Ma pieuse mère rêvait que j’entre au séminaire. Dans la Vendée profonde le goupillon brillait de ses derniers feux, le pays était constellé de séminaires et le célèbre Mgr Cazaux, grand défenseur de l’enseignement libre, dépêchait dans les dites écoles un envoyé spécial, que les paysans avaient baptisés « le grand inséminateur », pour susciter des vocations. Il venait une fois par an en classe pour nous questionner hypocritement sur notre devenir professionnel. Sur de petit papier nous devions répondre à sa question. Les plus hardis, anonymement répondaient : vidangeur, les autres transcrivaient leur futur métier. Aucun de mes camarades de classe n’est entré au séminaire.

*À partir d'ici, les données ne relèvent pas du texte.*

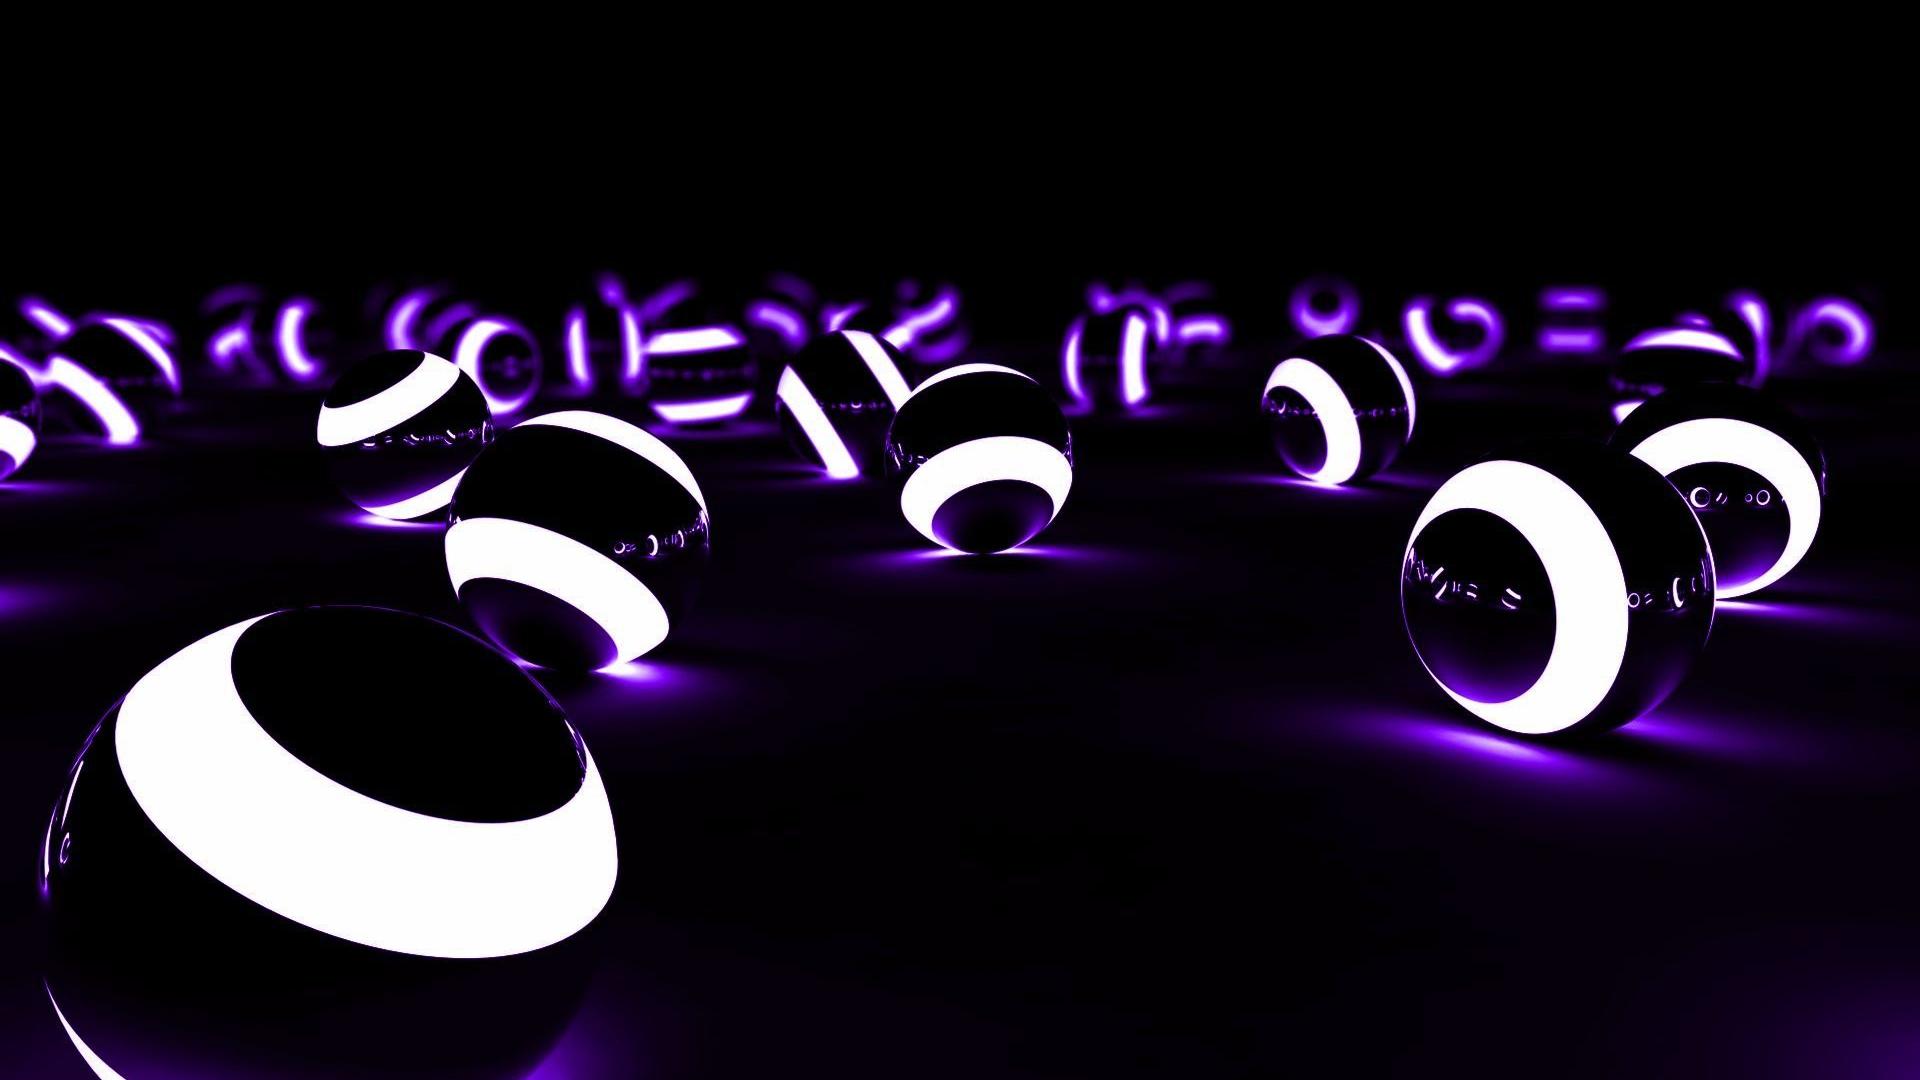 Glowing Balls Cool Wallpaper Share This On

Un jour, pour voir comme au poker j’ai écrit : prêtre. Enfer et damnation, tel un vautour se jetant sur sa proie le dragueur de vocations me bombarda de sollicitations écrites. Je fis droit à l’une d’elle, toujours pour voir. C’était une retraite de 3 jours au Grand Séminaire de Luçon. J’avais 7 ou 8 ans et j’étais plutôt mignon avec mes cheveux bouclés et mon minois d’angelot. Je n’étais jamais sorti des jupes des femmes de la maison qui me bichonnaient comme un prince. Ce fut l’horreur absolue. Tout d’abord l’odeur du lieu, un étrange mélange de renfermé et de fade ; ensuite le réfectoire et son manger infâme ; enfin, la chambre individuelle haute de plafond, ce lit en fer, ses draps rêches, et cette veilleuse violette… je me sentais comme pris dans un piège sans espoir de m’échapper et je me mis à sangloter. Un jeune prêtre vint me consoler. Lui sentait l’eau de Cologne.

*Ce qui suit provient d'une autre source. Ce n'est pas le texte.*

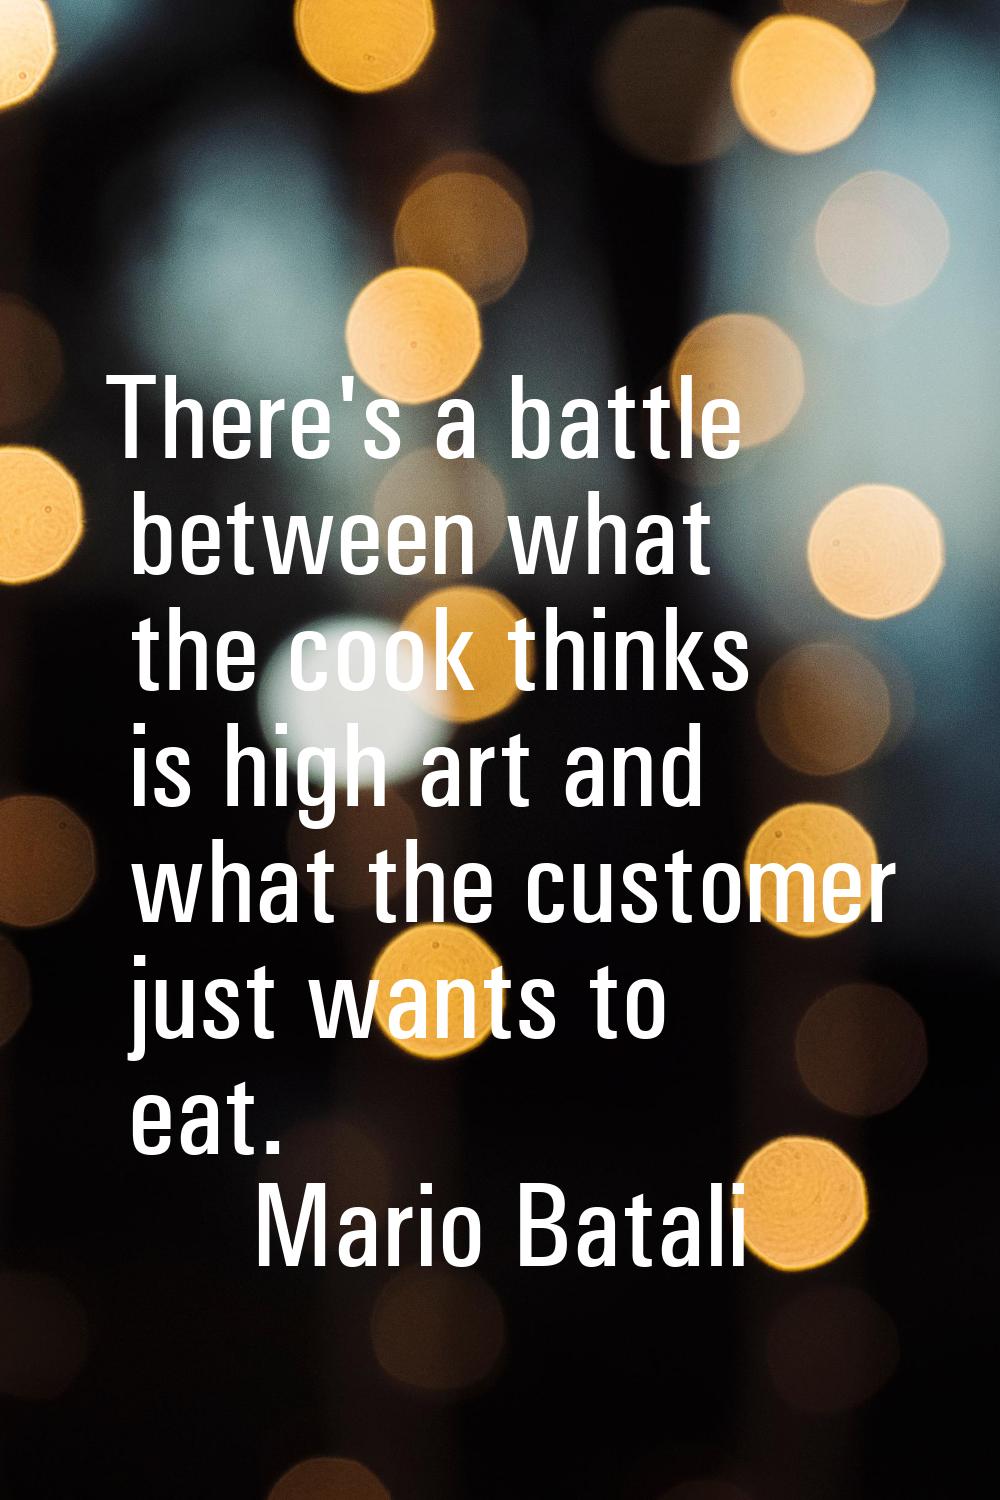 There's a battle between what the cook thinks is high art and what the customer just wants to eat.

De retour à la maison je fis un feu de joie de la propagande au fond du jardin. Mon père passant par-là me demanda pourquoi ? Ma réponse : « j’ai envie d’aimer les filles » lui plut et il intima au clan des femmes l’ordre de me ficher la paix. Ainsi se termina en queue de poisson ma saga ecclésiastique.
Mais, tout mécréant que je sois, le travail des nonnes et des moines m’a toujours intéressé et je suis client de certains de leurs produits, fromages et confitures surtout car du côté du vin les vins d’abbayes ne sont pas, à défaut d’être surnaturels, très naturels.
ORA et LABORA
Si, pendant vos vacances vous ne souhaitez bronzer et manger idiot je vous conseille l’acquisition du « guide gourmand des Abbayes » aux éditions du Chêne de Nicole Masson, c’est une bible et vous pourrez ainsi être gourmand sans risquer de pêcher…
Lire ma chronique « Le vin des sœurs du Monastère orthodoxe de Solan en cohérence avec sa terre... comme en Bourgogne » link
Je reviendrai, à propos des fromages d’abbayes sur cet ouvrage…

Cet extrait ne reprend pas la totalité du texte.